There’s significant innovation in the network, including global memory approaches similar to the innovative Extoll network.  The focus on the memory system and global interconnect addresses the real problem of data movement energy — a more data movement capable system is generally a more capable computer, except for a small number of niche problems.

China’s approach has already born fruit.  Given that current designs are “no better than 28nm”, we can already see that improved architecture matters.  From a technology perspective, this is not surprising.  The end of Dennard Scaling (around 2003) impacts raw chip performance significantly — you can’t switch smaller devices faster and get the heat out, without exotic cooling.  Changes of Moore’s Law will begin to impact density the way the semiconductor industry achieves higher density (more functional units or more memory per unit area).  Ultimately, the opportunity is in building better computers not relying on “free” performance gains from improved devices.  That train left the station long ago.  China may be the first country to truly adapt their computing strategy to the fundamental changes in technology we are all living.

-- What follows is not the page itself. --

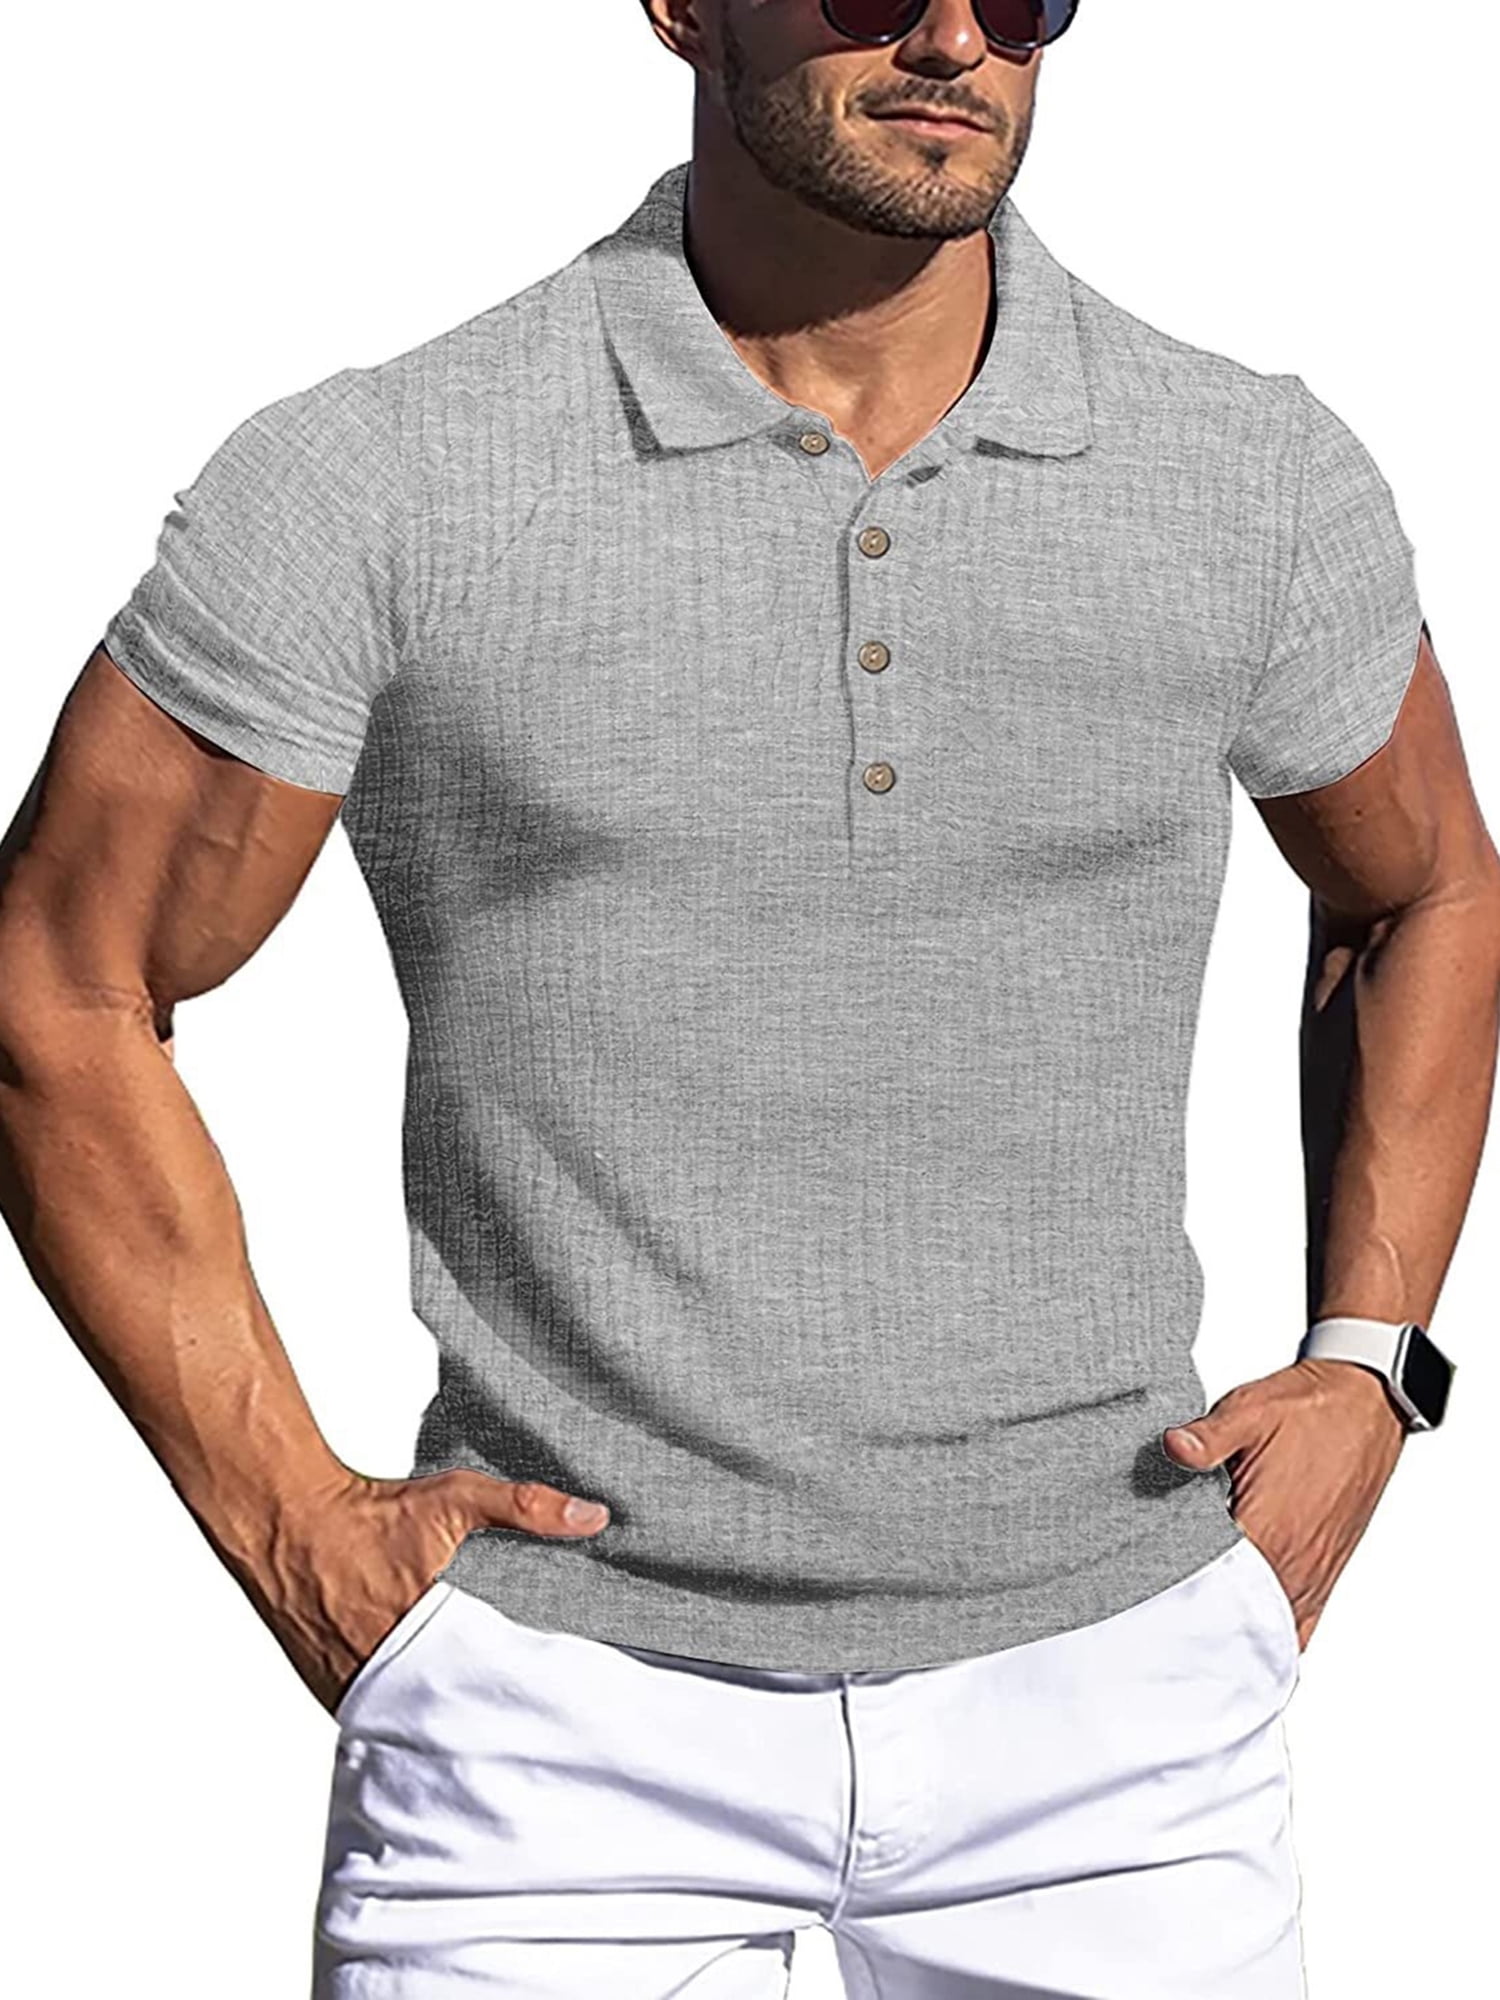 CenturyX Men's Muscle Polo Shirt Knit Ribbed Stretch Short Sleeve Workout Tee Casual Fit T Shirts Light Grey XXXL Walmart.com

There were several additional examples of architectural innovation, including:

  • Simplifying the Virtual Memory system and eliminating “unneeded” features to save energy.  Being unconstrained by backwards compatibility for legacy binaries helps significantly.
  • Creative cache architectures, with indications that the last level cache is using long cache lines to reduce the energy of column access (e.g., CAS) to DRAM.

In addition to the efforts described above, China has access to MIPS (via Loongson) and SPARC (via Feiteng/Phytium).   Huawei, Shenzhen, and QUALCOMM provide access to multiple additional ARM options.

Overall, China’s effort is at likely 2 years ahead of the US and Japan in reaching Exascale.  More important than timing, they may build a more “capable” Exascale platform rather than a stunt machine.

Conclusions

The supercomputing community in Singapore is also vibrant, innovative, and capable.  Given China’s efforts, I’m left to wonder if they’ll focus on a differentiated platform, more capable in something like analytics rather than traditional “exascale”, which seems to be “exaflops”.

Its hard to draw strong conclusions other than that the US should focus on capability rather than FLOPS.  The technology and applications have changed, and there’s real risk that a combination of hubris and the constraints of decades-old computing strategies will leave us not only behind on the Top500 list but behind in fundamental computing capabilities.

A disruptive approach would be both cheaper and higher payoff.  The incremental will happen on its own.